The congenitally inhumane and uncivil are unable to genuinely support, initiate or maintain civil and human rights amongst Afrakans—or even within the global community. Greed coupled with gun-god bomb solutions have led to serious indoctrination experiences that may terminate the effectiveness of our international trade and economic agreements.

We need our Afrakan continental and Diasporic families and caretakers of our homeland to know that we give tua ankhs (living thanks) for them coming to the west to reconnect with the descendants of our ancestral homeland. We need:
1. Restitution for the wrongs committed against our ancestors that have lasting effects in the 21st century;
2. Reparations and access to our legally inherited royal throne and resources for our nation and civilization reconstruction efforts;
3. Repatriation opportunities for Diasporic Afrakans who desire to return to our ancestral homelands; and
4. The Restoration of MAAT and Maatikal compensation for all the hueman and civil rights violations experienced by our Afrakan ancestors and descendents—especially during the Maangamizi of the TransAtlantic enslavement experience

Smai Tawi represents the oldest historical terminology or phrase for PanAfricanism. According to the late Dr. John Henrik Clarke:

“I define Pan-Africanism as any effort on the part of African people to reclaim any portion of Africa that has been taken away, mutilated, misunderstood, or misinterpreted by a non-African to the detriment of Africa. Therefore, my definition goes beyond the word, “Pan”, which means “all”. When I look back at the historical role and the historical manifestations of Pan Africanism, I deal with the first organized society in the Nile Valley, when the people of the South and the people of the North (the Upper and the Lower Nile) came together to roam a country now known to the world as Egypt…The unification of the Upper Nile and the Lower Nile was an act of Pan-Africanism, putting a portion of Africa together for the whole of Africa to be together.”—From Who Betrayed the African World Revolution (1995)
Smai Tawi represents the oldest indigenous Afrakan Nubian Kushianu Khamitik Heritage (ANKKH) unified nation. Smai Tawi is a concept of spiritual, cultural, social and philosophical unity that transcends politics. Smai Tawi means divine unity on multiple levels of complementariness and correspondence.

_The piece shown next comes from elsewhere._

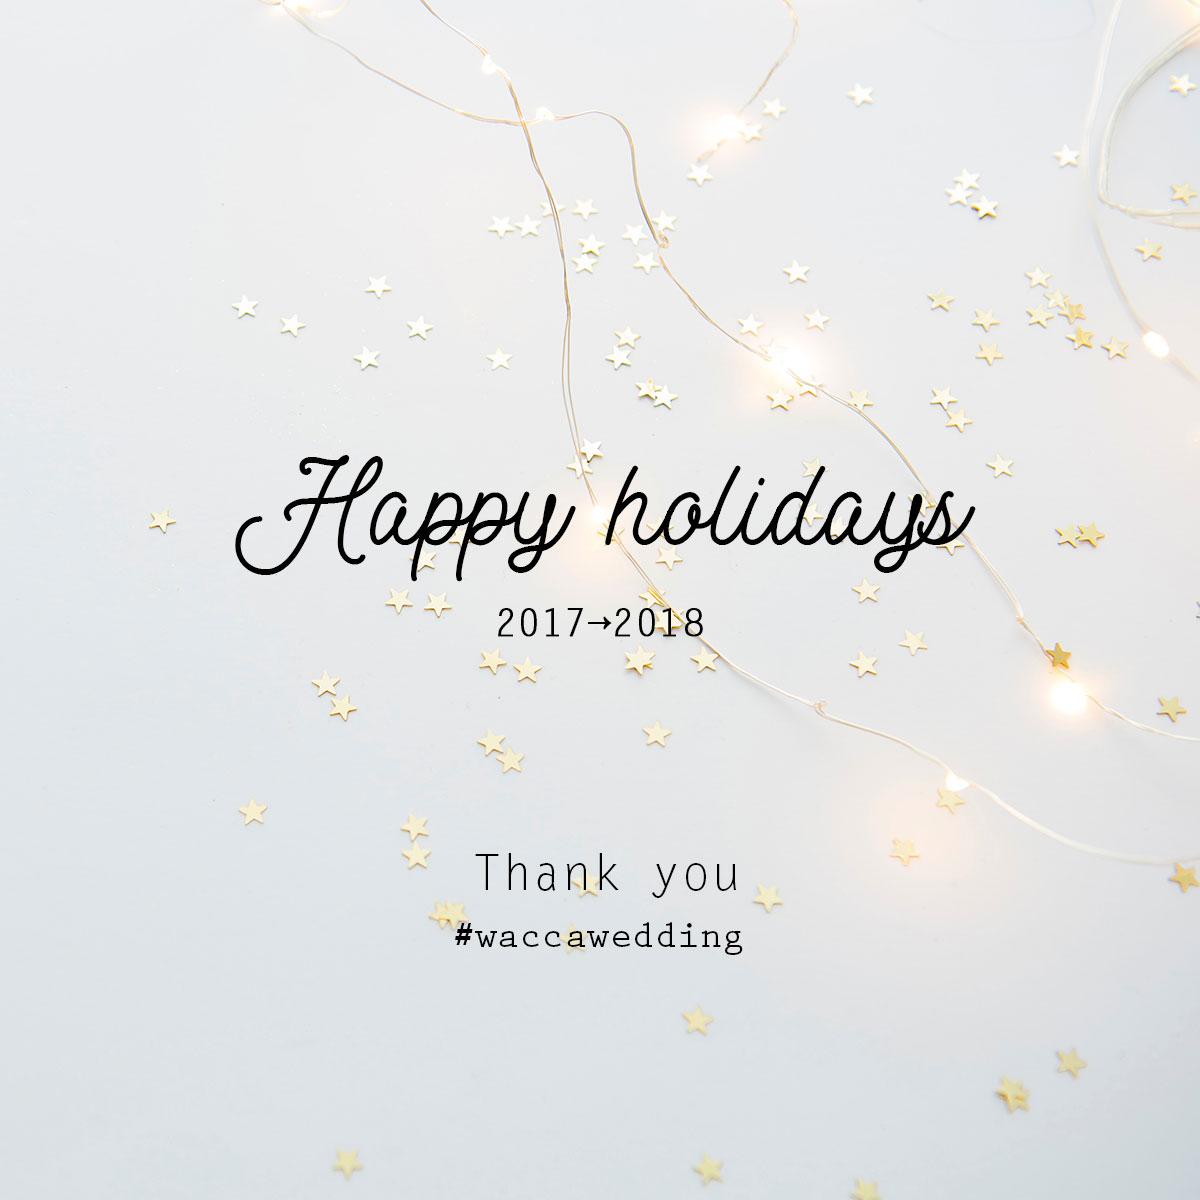 2017年ありがとうございました!みなさま良いお年を♪

This international message is being shared on behalf of the many Afrakan ancestors, elders, contemporaries and the unborn who desire the prostablishment of the hueman, universal and spiritual rights of our people—who are unable to attend this historic Afrakan continental and Diasporic session of unity.

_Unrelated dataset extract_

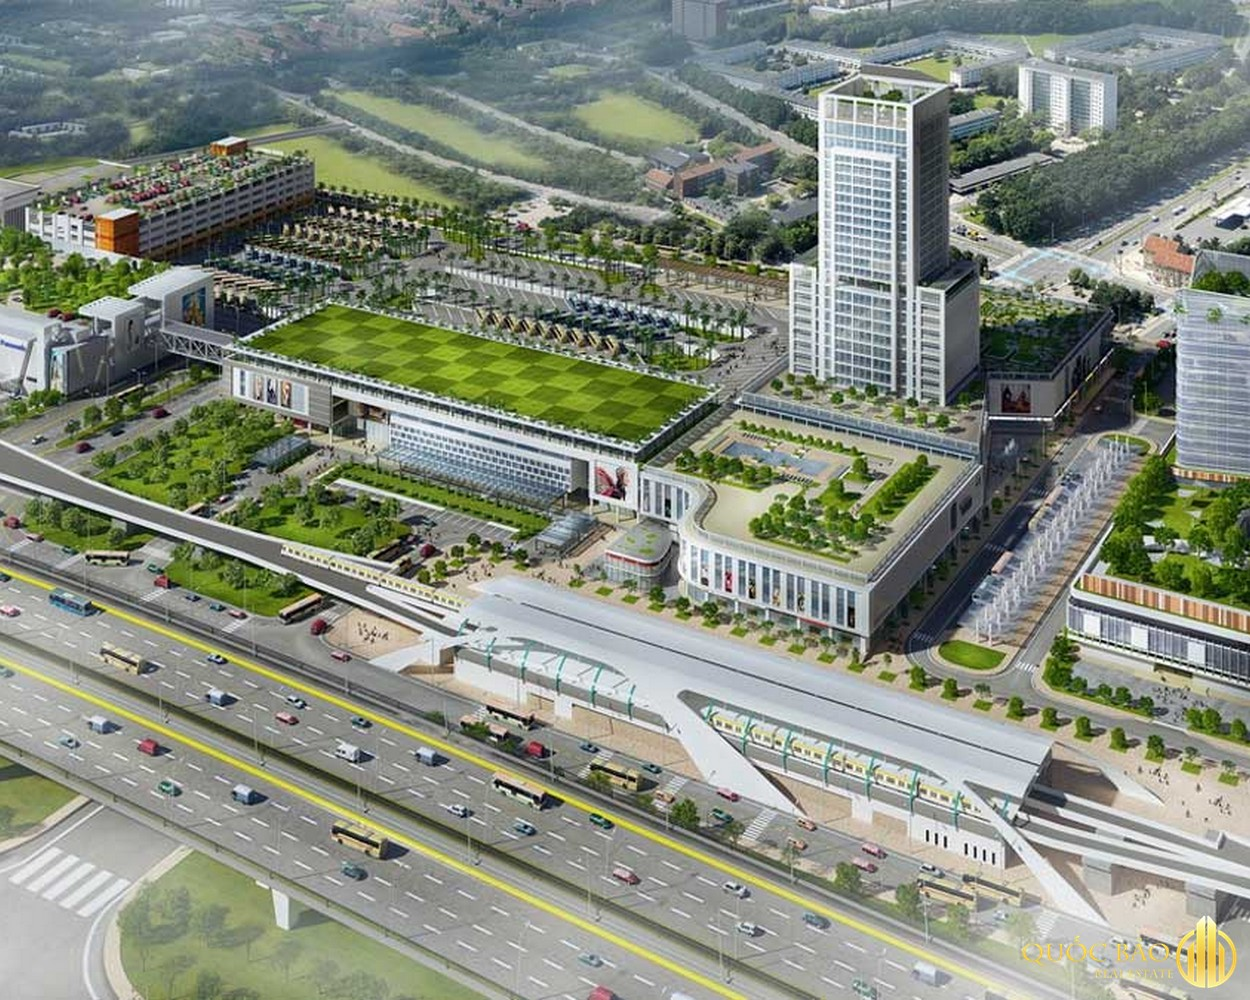 Phối cảnh bến xe Miền Đông mới - Quy hoạch đường Thống Nhất

In MAAT (truth, order, reciprocity, balance & harmony), Djhty (divine thought and wisdom)—
We extend Ankh, Udja em Seneb to All (Life, Strength and Wellness)—09.18.04

Note: A collective of scribes/writers of Per Ankh em Smai Tawi, Smai Tawi Ankh Ascension Renaissance & other ANKKH temple initiates shared in the composition of this statement with approved editing and rasynthesis by MwtDrChenziRa.